Super Slim Me is a TV documentary presented by British writer and television presenter Dawn O'Porter. It was broadcast in the UK by BBC Three on 25 February 2007. Porter attempted to shrink her UK size 12 figure to a US size zero. Surviving on a diet of 500 calories a day, Porter investigated the stylists, designers and agencies responsible for making skinniness desirable for followers of fashion.

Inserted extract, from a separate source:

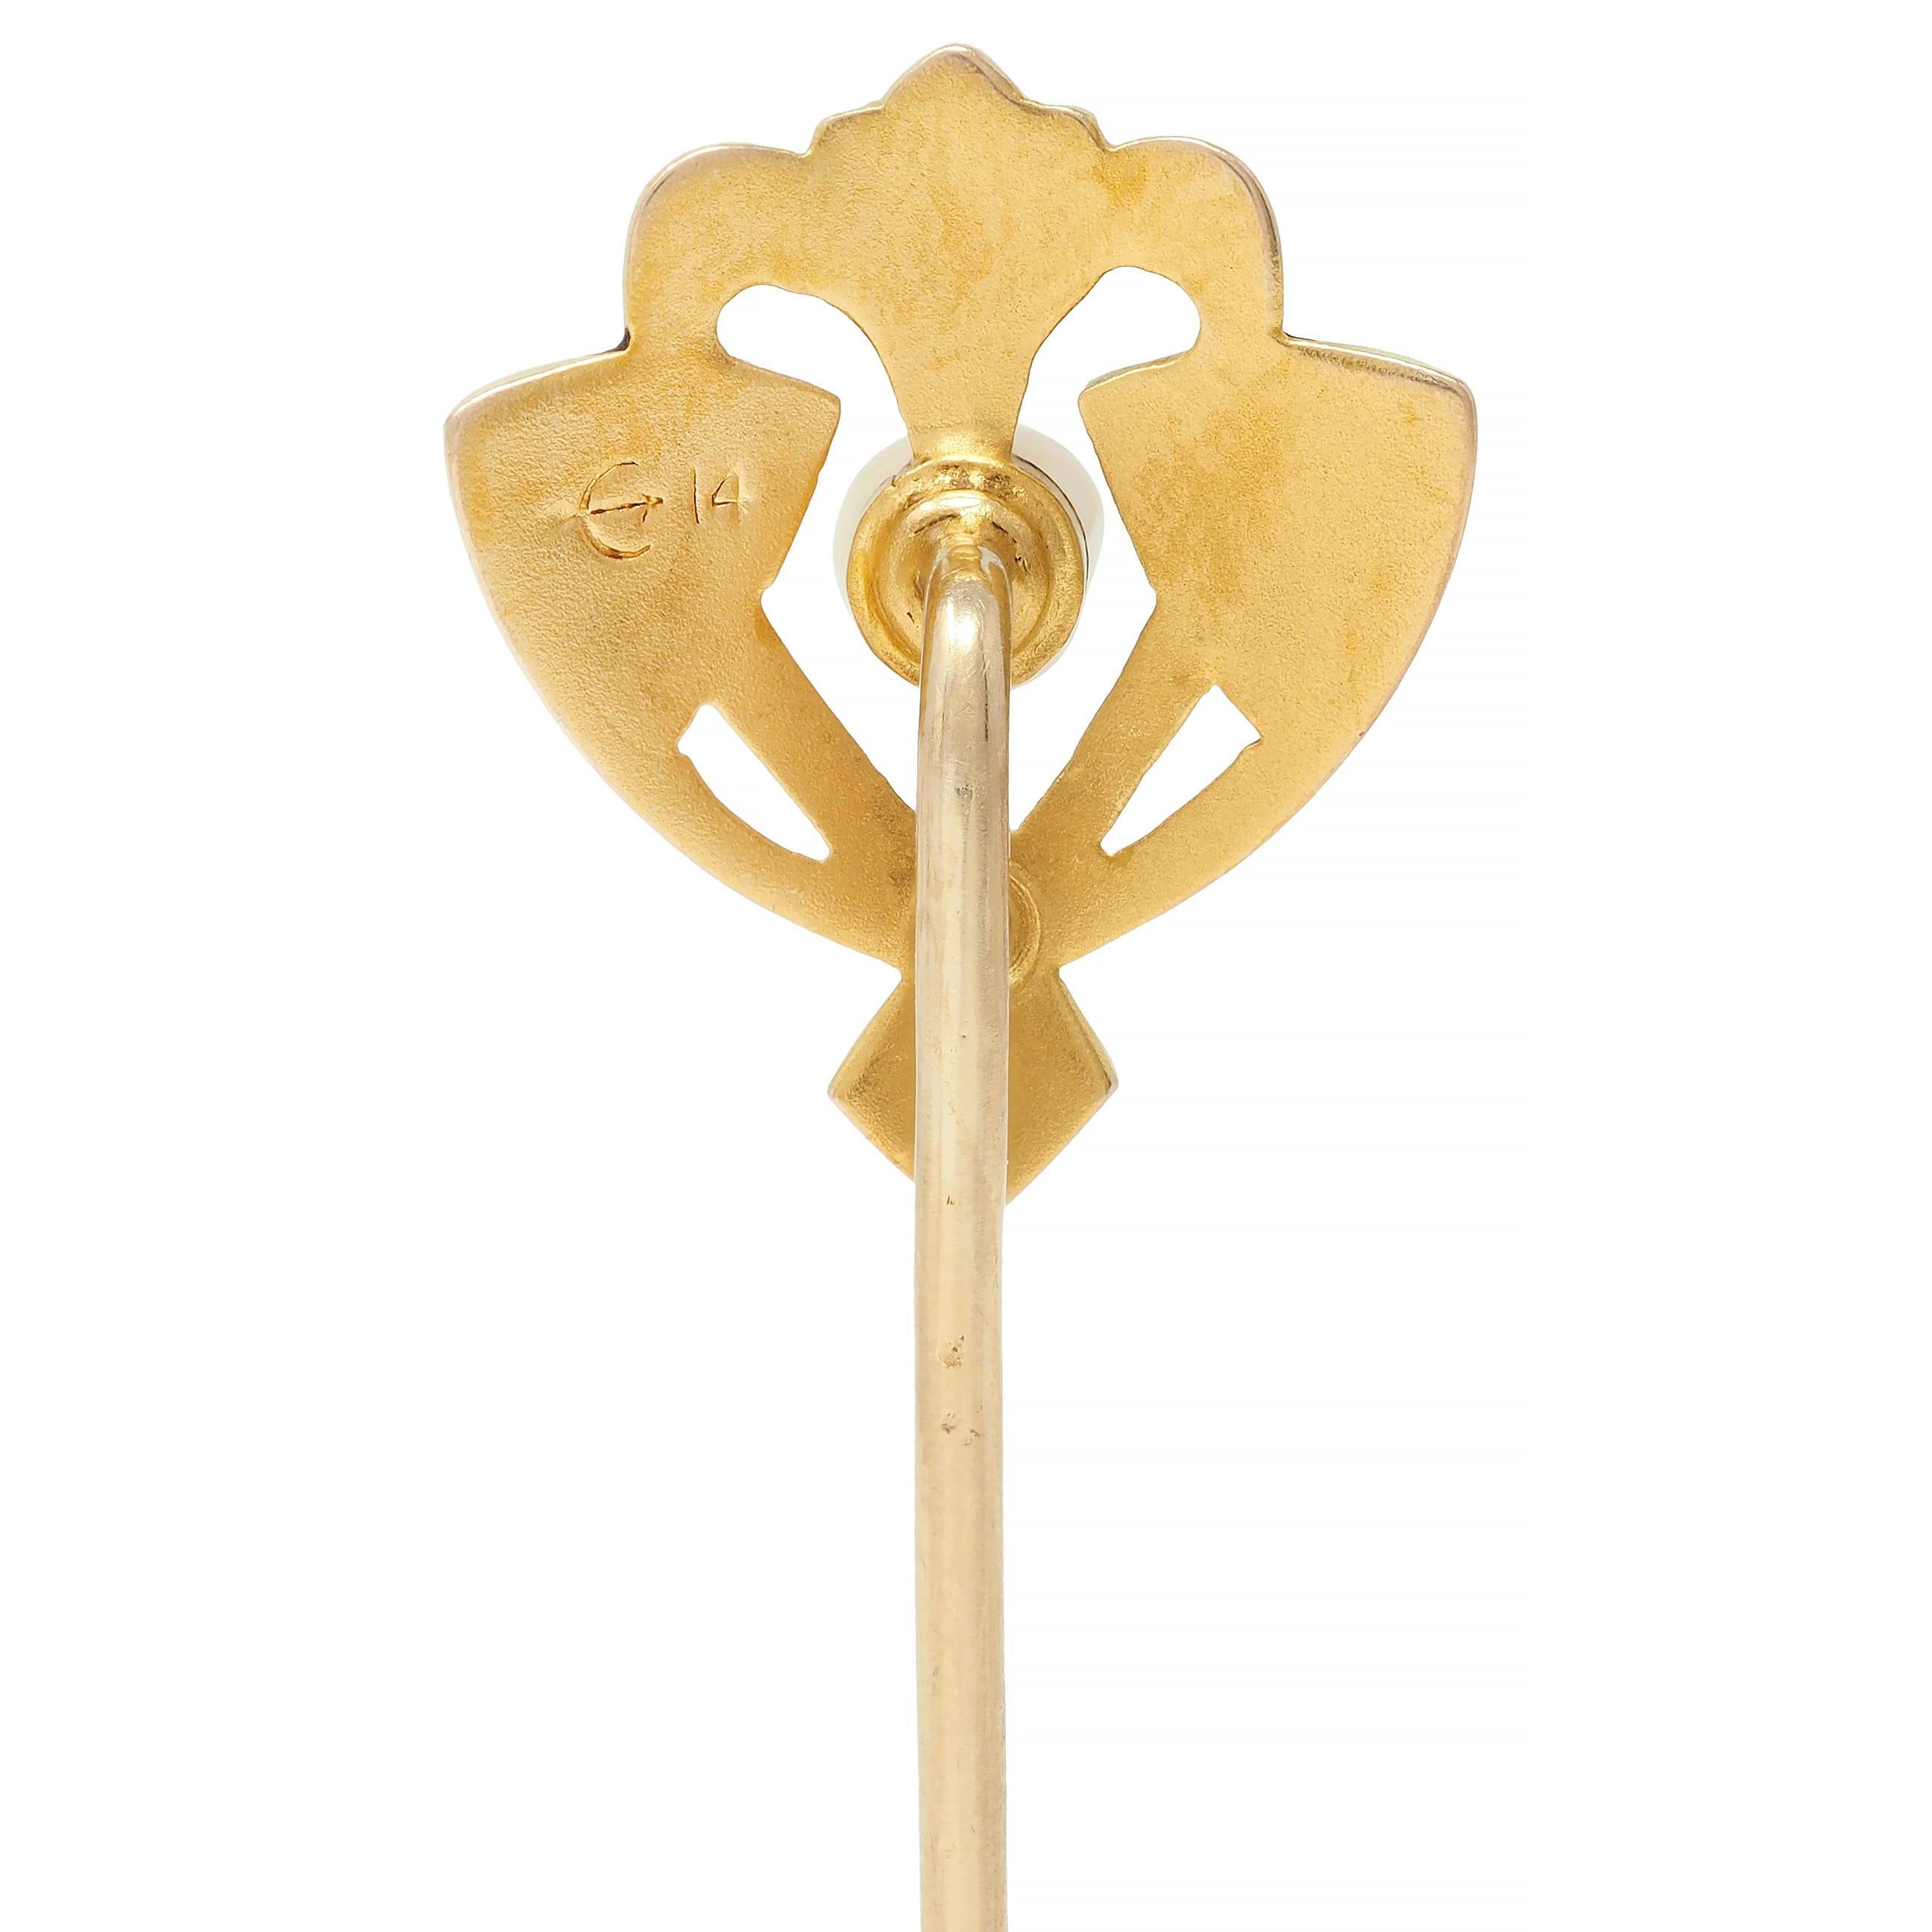 Henry Blank & Co. Art Nouveau Pearl 14 Karat Yellow Gold Antique Shield Stickpin In Excellent Condition For Sale In Philadelphia, PA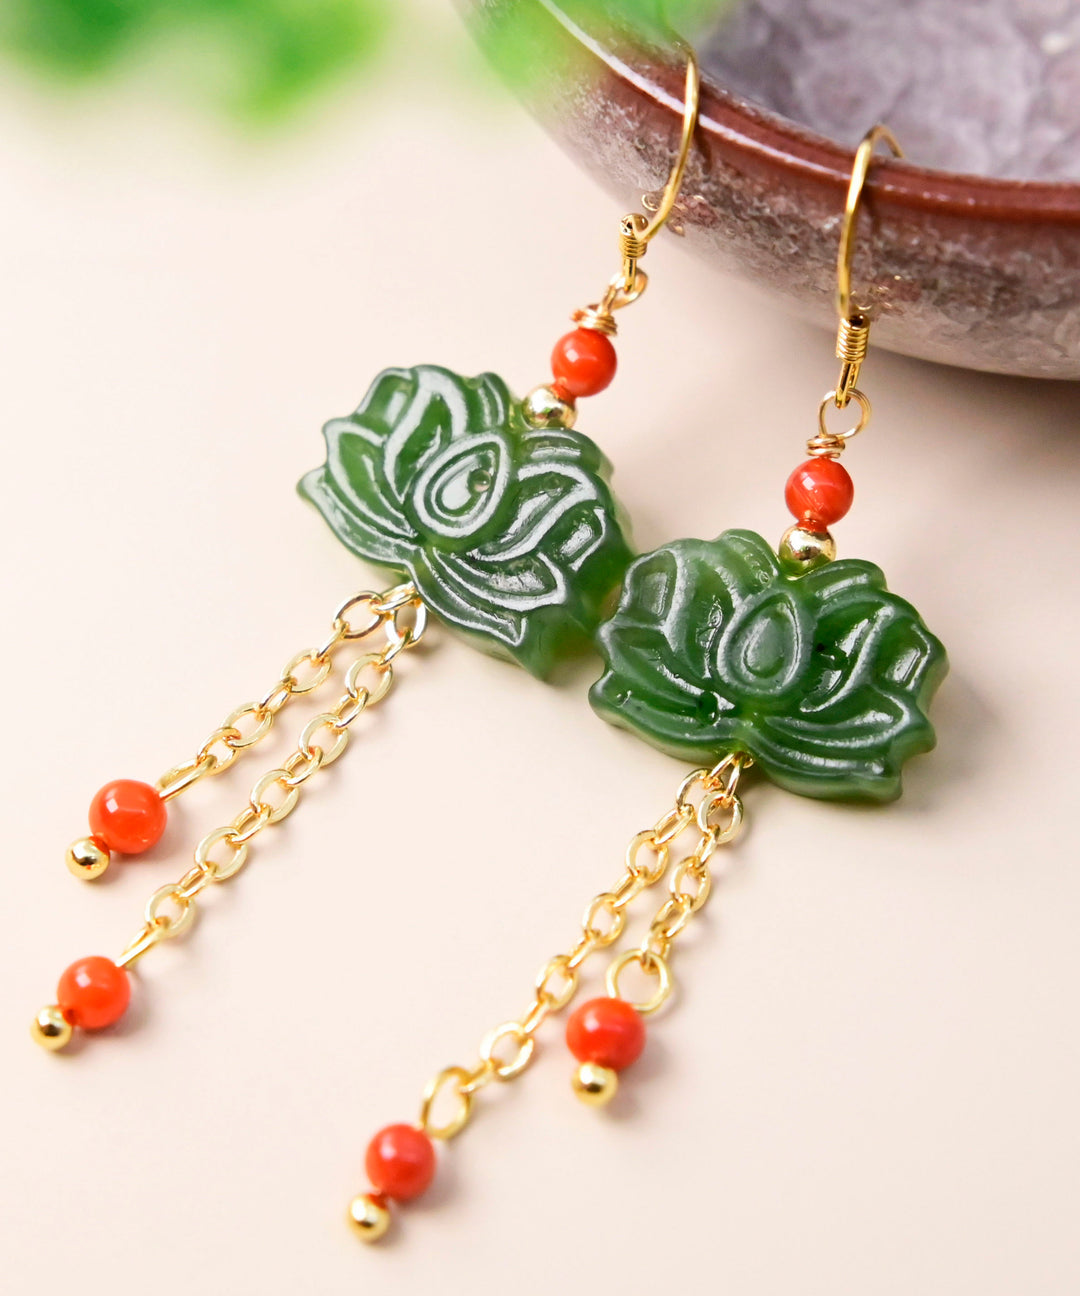 Unique Green Sterling Silver Overgild Inlaid Gem Stone Jade Drop Earrings

The title is based on the American film Super Size Me, in which the author consumed McDonald's daily for a month.

==Content==

===Experiment===
Over the course of an eight-week period, O’Porter challenged herself to go on a crash diet in order to drop from the nation’s average, UK Size 12, to a US Size 0. This aspired image has been formed by skinny celebrities over the past decade, who are influencing the attitudes that predominately teenage girls have about their bodies. The images of skinny celebrities in the media also convey the message that being thin is a form of acceptance. However, it was also through this experimental crash diet that O’Porter showed her audience both the physical and psychological effects of this lifestyle.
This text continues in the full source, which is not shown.